The digital battlefield is one of the most significant military icons of the future. This concept, which represents a wholesale shift in how U.S. Department of Defense leaders plan to conduct future wartime operations, encompasses seamless data networks over which military leaders can exchange information by voice, text, or imagery in real time between anywhere from the foxhole to the Pentagon.

The most pressing challenges of the digital battlefield lie today in moving from concept to practice. These challenges involve phasing out analog, custom, service-specific communications, sensors, and data processing, while introducing open-architecture equipment common to all services and command levels.
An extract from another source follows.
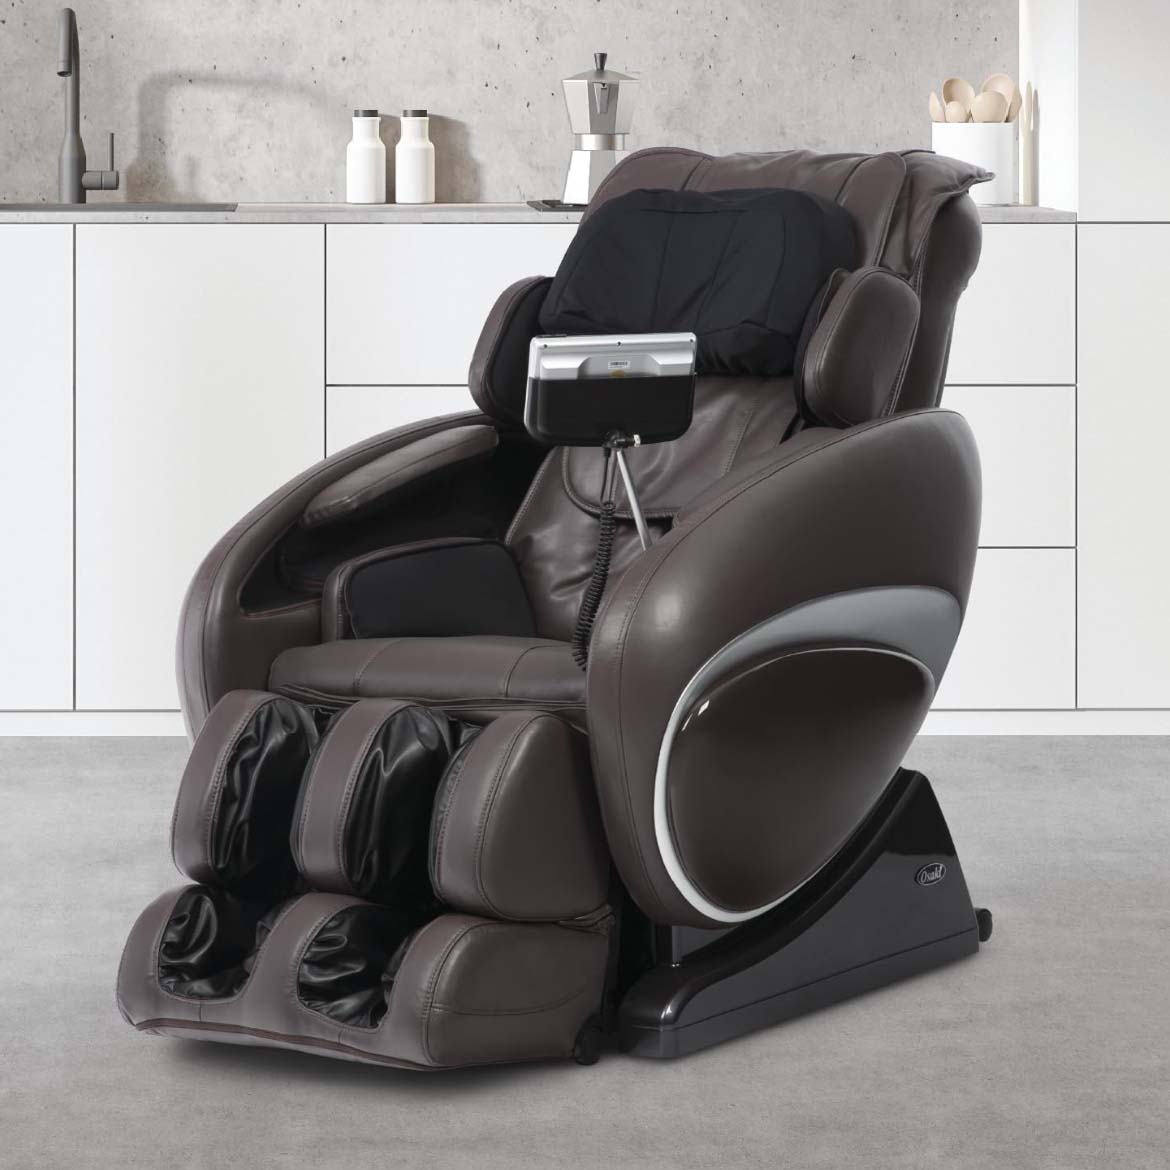 Black massage chair in room setting
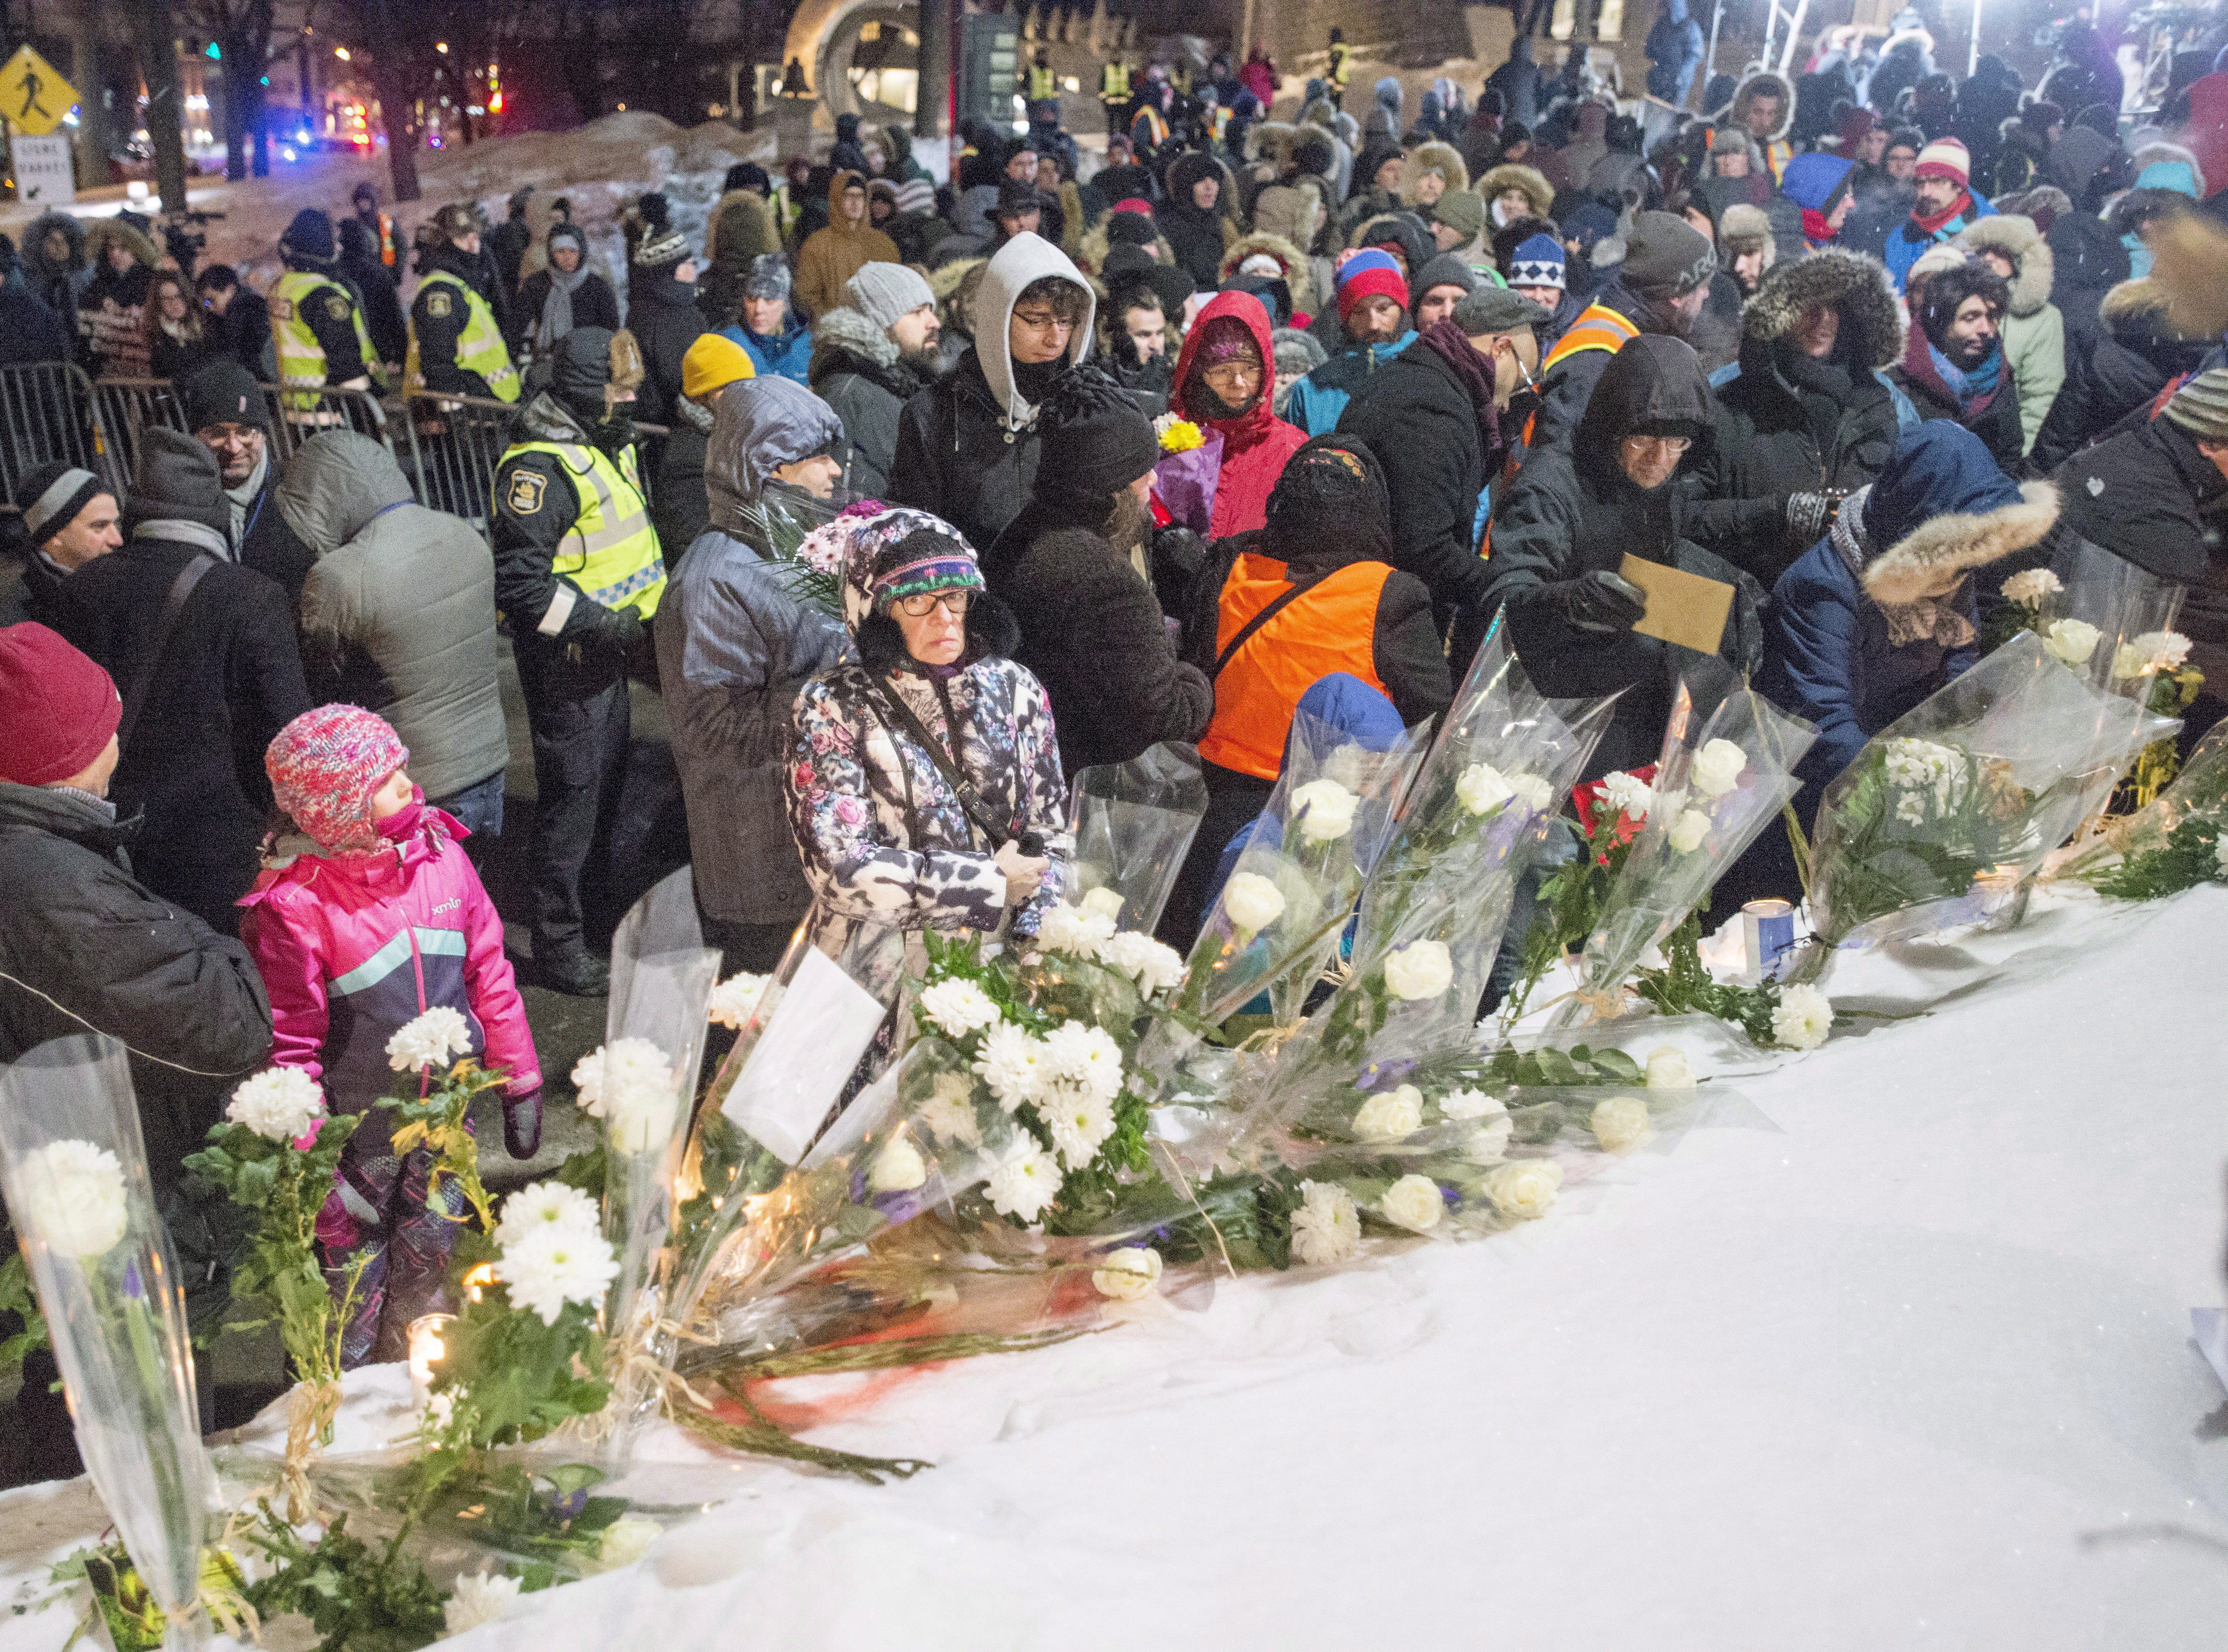 Ceremony to honour memory of those killed in 2017 Quebec City mosque attack

Digitizing the battlefield will involve terrestrial and satellite data links, multiband secure radios, graphics displays, small networked computers, and a wealth of software that not only will ease the exchange of information among friendly forces, but also will safeguard it from enemies.

Lessons learned in Bosnia and in two recent major military exercises will help shape the digital battlefield of the future. The two crowning military exercises where officials have sought to introduce new digital technology are the U.S. Army`s Advanced Warfighting Experiment (AWE) at Fort Irwin, Calif., and the Roving Sands `97 tactical air operations exercise at Fort Bliss, Texas. One tough lesson suggests that military officials must perfect the equipment they already have in the field before looking to new digital technology.

While military leaders expect digital data traffic to grow exponentially, they still rely heavily on digital and analog voice communications - particularly at the division level, where commanders insist on timely updates on their military operations. Yet even before the digital systems of the future can be implemented, the Army is struggling to correct recurring analog problems with their existing radios.

During the March AWE, in which officials intended to test 72 new technologies, it was ironic that the biggest problem centered on the venerable Single Channel Ground and Airborne Radio System (SINCGARS) from the ITT Corp. Aerospace/Communications division in Fort Wayne, Ind. The VHF-FM line-of-sight system provided the required situational awareness in its digital mode, but failed to get an estimated 10 to 15 percent of its voice messages to the intended recipients.

Army and ITT officials tackled the problem immediately during the first week of the exercise and traced the glitch to the SINCGARS built-in anti-jam capability. Tests at the Army`s Electronic Proving Grounds in Yuma, Ariz., involved about 20 ITT engineers assigned to the Experimentation Force (EXFOR), as well as members of the Army`s Fourth Infantry Division (Mechanized) from Fort Hood, Texas.

Experts traced the underlying cause to how SINCGARS responded to the unusually large volume of electronic transmissions during the exercise - considerably greater than the radio would experience in typical battlefield conditions.

There were a lot of emitters around the National Training Center (NTC) at Fort Irwin, located in California`s Mojave Desert - Class 3 FCC transmissions, personal computers, and the like, and the radio automatically went into its "noisy channel avoidance" mode, explains ITT spokesman John Kirkwood. This caused the radio to switch away from some channels and thus missing messages.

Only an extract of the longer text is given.